John Oliver collaboration gives incredible boost to NZ business Metal Bird

Forest and Bird have recieved a phenominal ammount of money as a result.

John Oliver’s successful campaign to get the pūteketeke crowned Forest and Bird’s 'Bird of The Century' may be over, but the comedian isn’t done with his involvement in NZ's native bird scene.

Nope, he’s collaborated with Kiwi business Metal Bird to create a mini John Oliver that piggybacks proudly on their pūteketeke sculptures.

Plus, in a move that’s quite literally a win for the birds, 30% of the sales from these metallic masterpieces go straight to Forest and Bird’s conservation efforts. 

During a recent episode of his show, Oliver said: "If you want one, with or without me on it, you can order a sculpture at this website right here.

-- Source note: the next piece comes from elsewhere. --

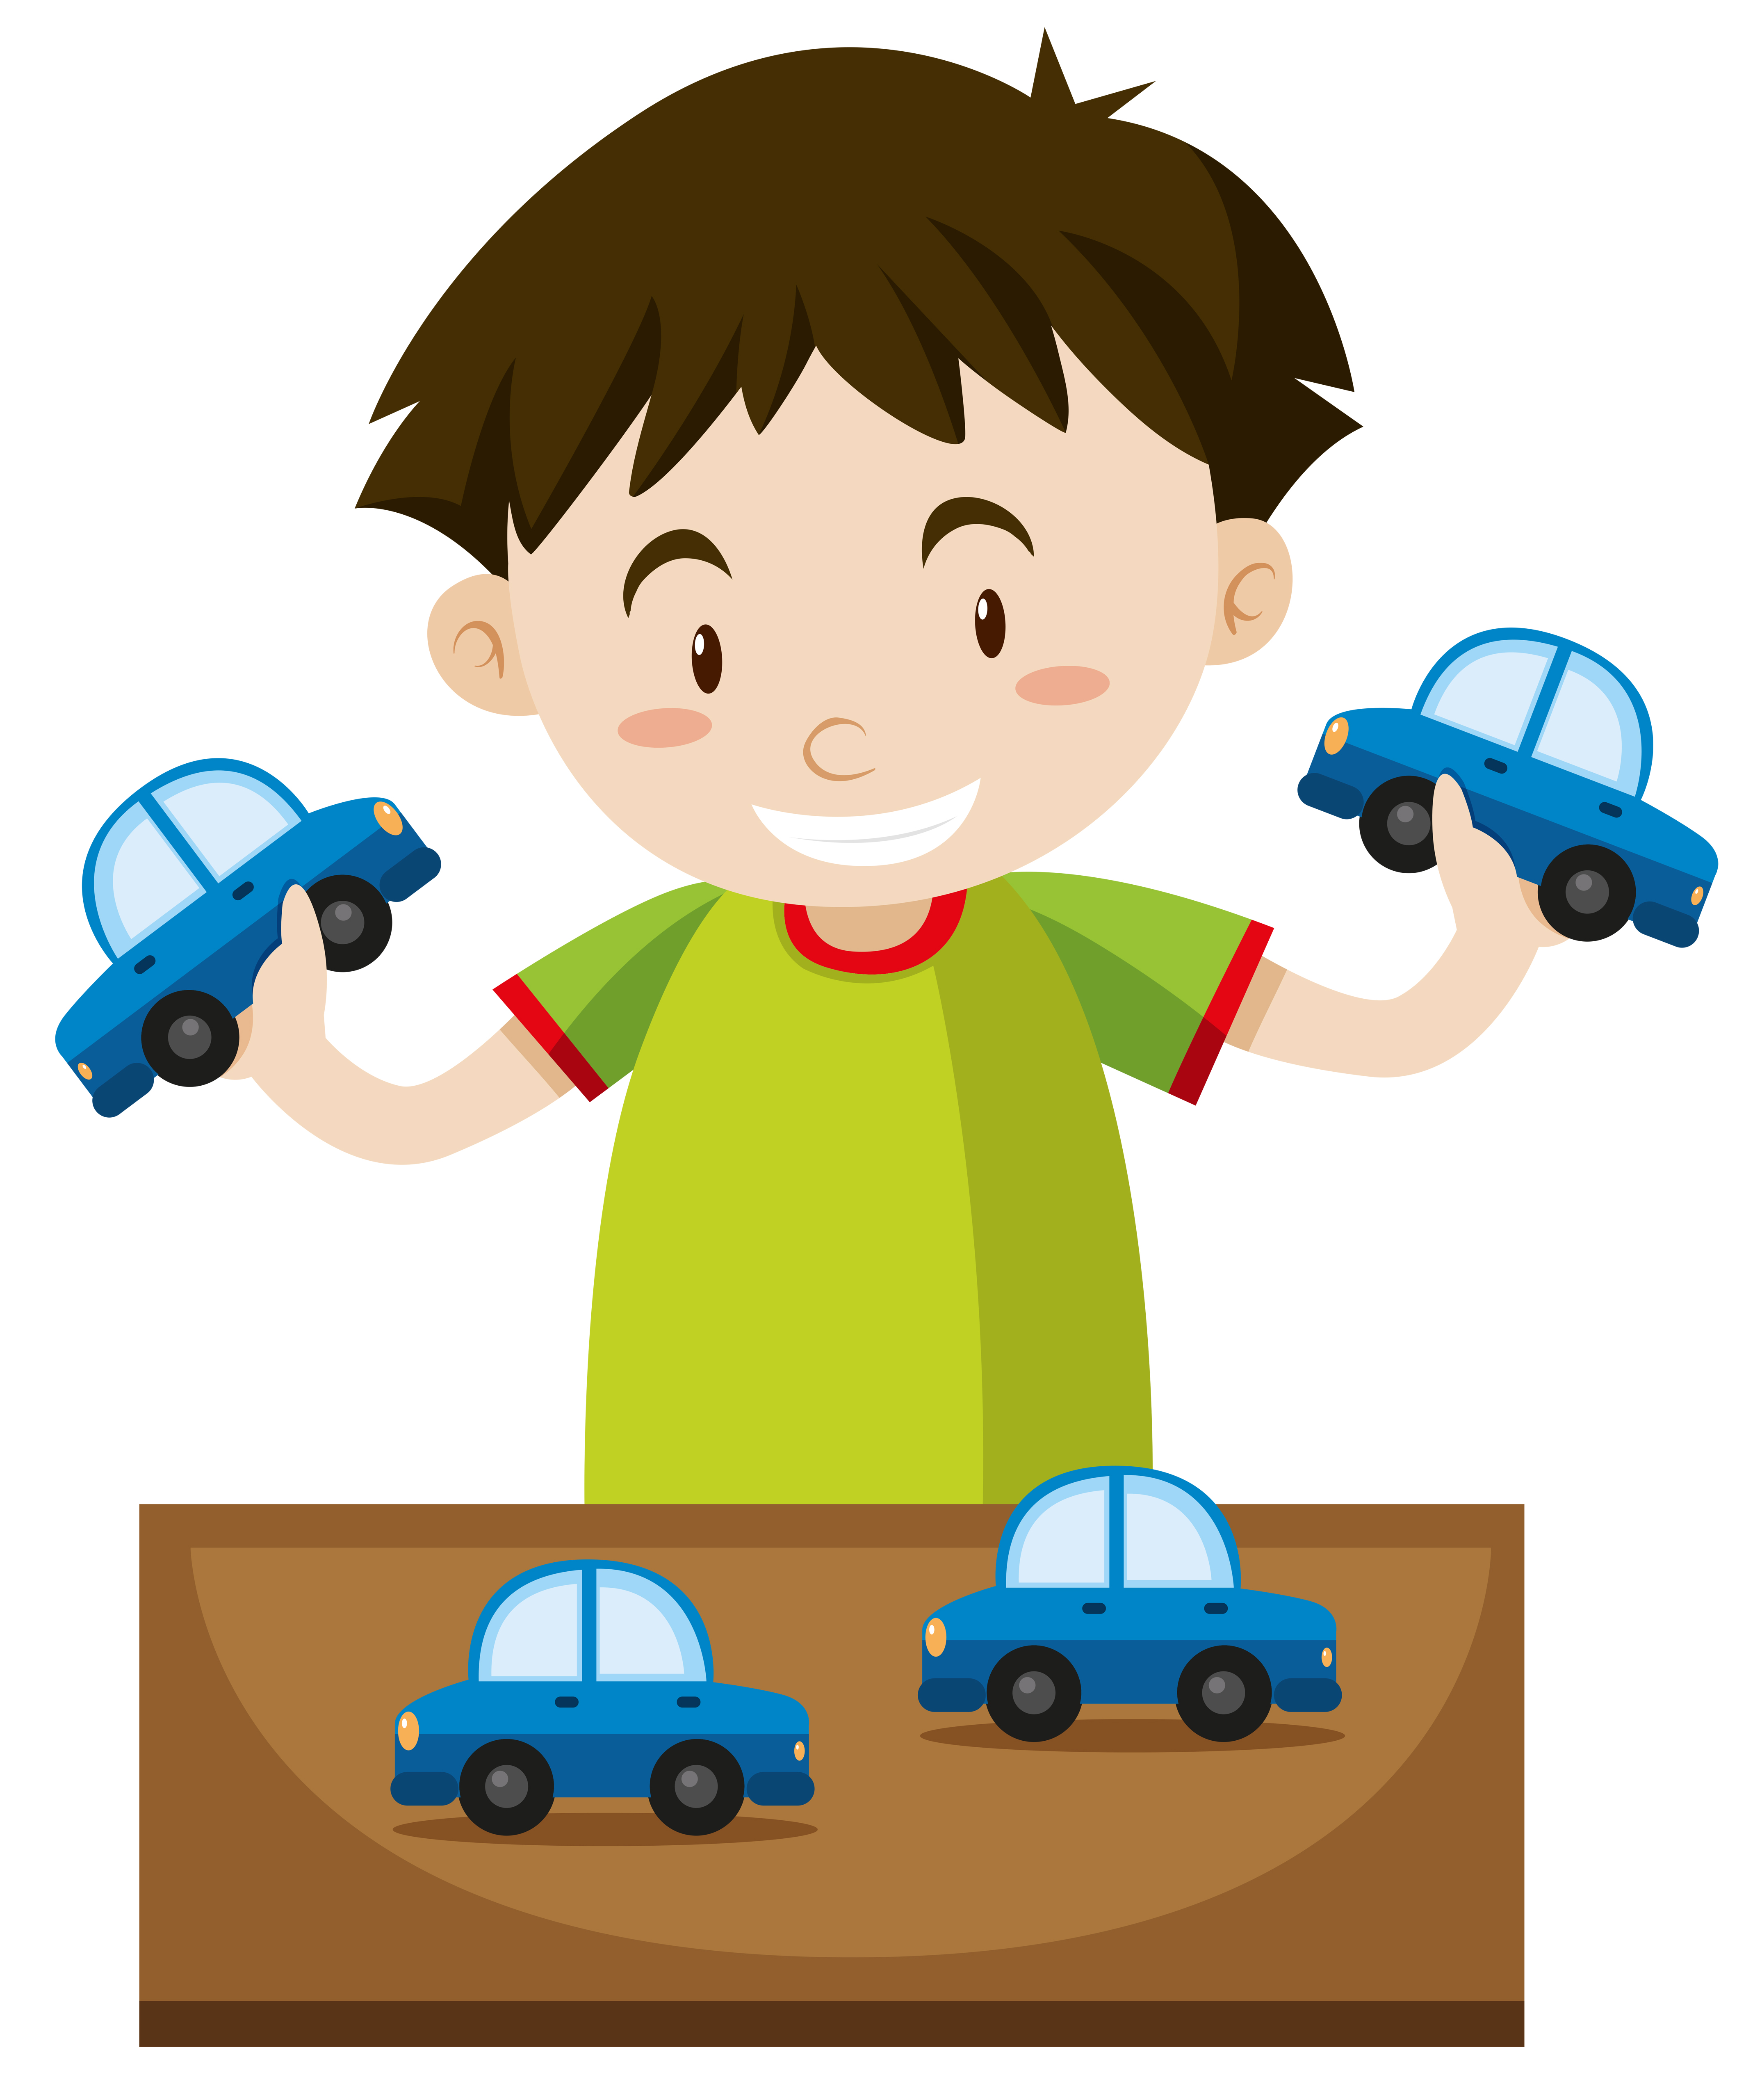 Little boy playing with toy cars - Download Free Vectors ...

We've actually got one for everybody in our audience.”

Within 15 minutes of the episode airing, the Metal Bird website went crazy with orders from American viewers.

"We sat there, it went to air, we're looking at 15 people on our website in the states, then there's 50, then there's 200, then there's 600," Metal Bird creator Phil Walters told Newhub.

It’s not the only boost in donations Forest and Bird have seen since this year’s campaign. 

The organisation's chief executive Nicola Toki revealed they had received an additional $600,000 worth of donations.

“People around the world and in New Zealand have put their money where their mouths are," she said via Newshub.

Oliver, with his "alarmingly aggressive" campaign, has turned out to be the ultimate PR rep for competition.

His own efforts to round up votes for the pūteketeke included ads across New Zealand dubbing the bird ‘Lord of the Wings’. He also revealed he put up call-to-vote billboards in Mumbai, Tokyo, Paris, London, Brazil’s Ipanema Beach and even Manitowoc, Wisconsin.

Oliver also dressed as the pūteketeke for an appearance on 'The Tonight Show with Jimmy Fallon'.

With over 350,000 votes flocking in from 195 different countries, this year saw the most amount of votes the bird election has ever seen since it began in 2005.